Hello friends. We’re back again with our weekly feature–Pick 6. Our Pick 6 consists of 6 informative, insightful reentry & criminal justice-related news articles and commentaries that we’ve been following throughout the week. We welcome your thoughts and feedback, so don’t be shy!

1.) ‘Release cards’ turn inmates and families into profit streams (Al Jazeera America)

“Correctional facilities across the country are increasingly sending former inmates home with their funds returned on pre-paid debit cards, known in the industry as release cards. In addition to adoption by the Federal Bureau of Prisons, 17 state prison agencies reported using them…Prison reform advocates like Peter Wagner of the Prison Policy Initiative say that their use is even more widespread among the nation’s nearly 3,300 jails. With almost 12 million people admitted to county and city jails each year, these local facilities provide a steady source of cardholders subject to high fees…Unlike consumer debit cards, prison-issued cards are completely unregulated when it comes to the fees that can be charged. The result is high transaction and maintenance fees that bear little relation to the actual costs of the services provided…A review of bids and contracts in several states and counties found ATM withdrawal fees of nearly $3 per transaction. A simple balance inquiry typically incurs a charge of $1.50. Account maintenance fees, deducted even if no transactions are made, can be as much as $2.50 per week. Cardholders who opt to transfer their balances to a bank account can be charged closing fees of $30. These cards are designed to generate income for the private vendors that furnish them…The cost of issuing and managing the cards is paid for solely by the exorbitant fees former inmates must pay, fees that quickly deplete their already meager balances…The vendors aren’t the only ones making a profit from these fees. It’s common practice for these companies to send a cut of the collected fees directly to the prison agencies and jails. These “commissions,” essentially legalized kickbacks, make money transfers and other fee-generating services a reliable profit engine for the corrections agencies themselves.”

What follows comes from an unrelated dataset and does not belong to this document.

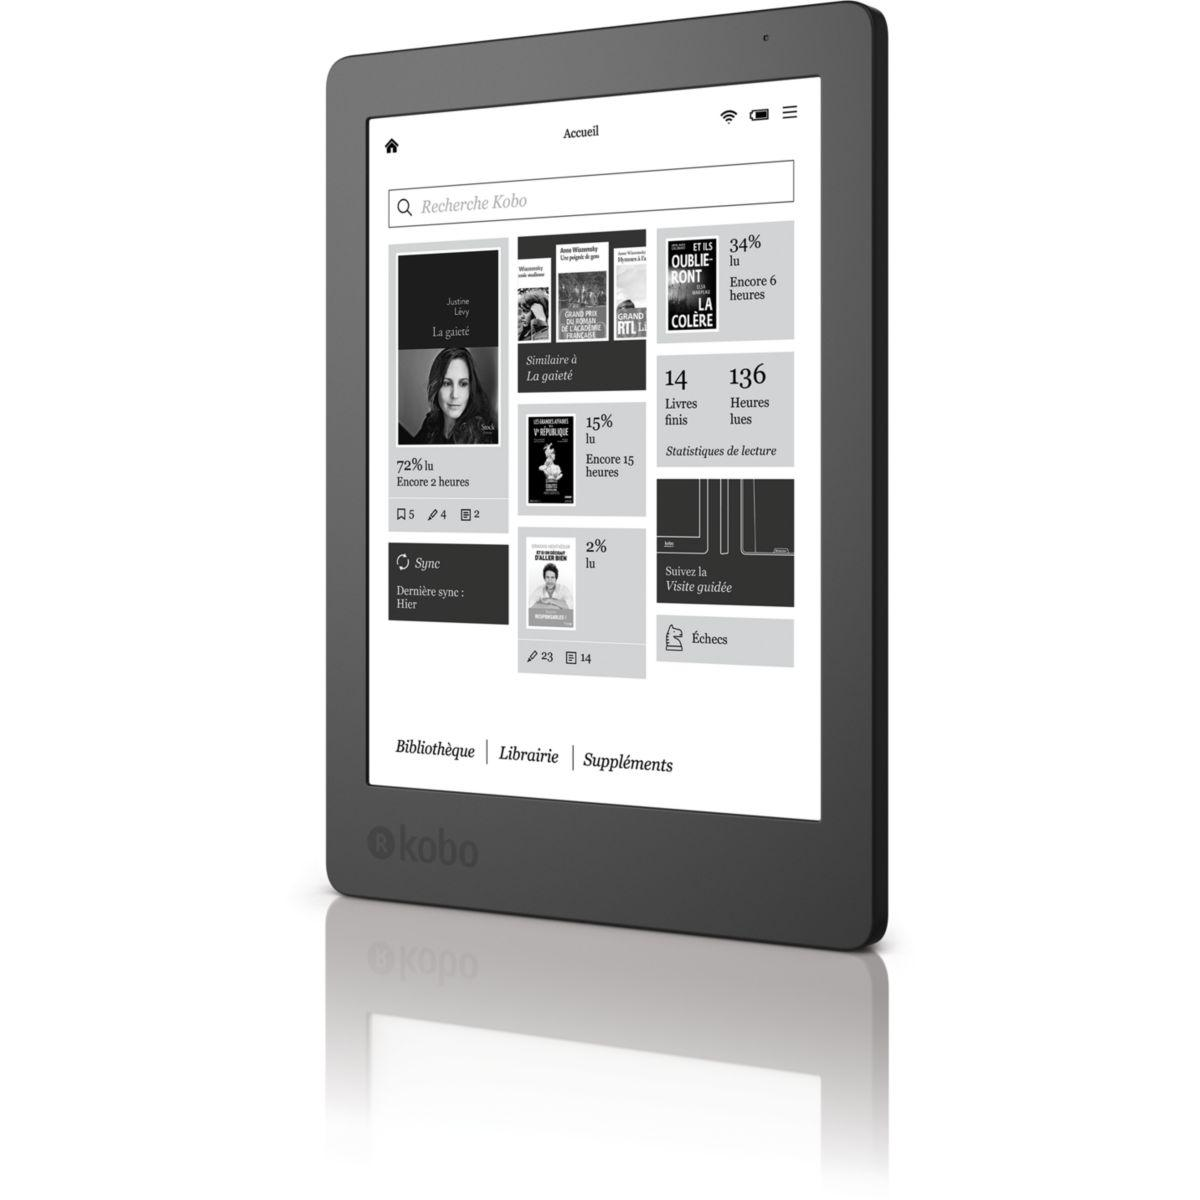 E-book kobo aura 2 - 2% de remise immédiate avec le code : anniv2 (photo)

2.) 40,000 Maryland Ex-Cons May Soon Get Their Voting Rights Back (Mother Jones)

“A national, bipartisan effort to roll back restrictions on felon voting rights could soon take a big step forward in Maryland. Earlier this month, the Maryland legislature passed a bill that would restore the right to vote to felons immediately after release from prison. Currently, Maryland is one of 20 states that bars felons from voting until they have completed prison time, parole, and probation. The bill currently sits on the desk of Governor Larry Hogan, a Republican who has backed criminal justice reform. If enacted, the law would make it easier for 40,000 Maryland residents with past convictions to exercise their voting rights.”

3.) American Outcasts: US Prisons and Modern Day Banishment (The Intercept)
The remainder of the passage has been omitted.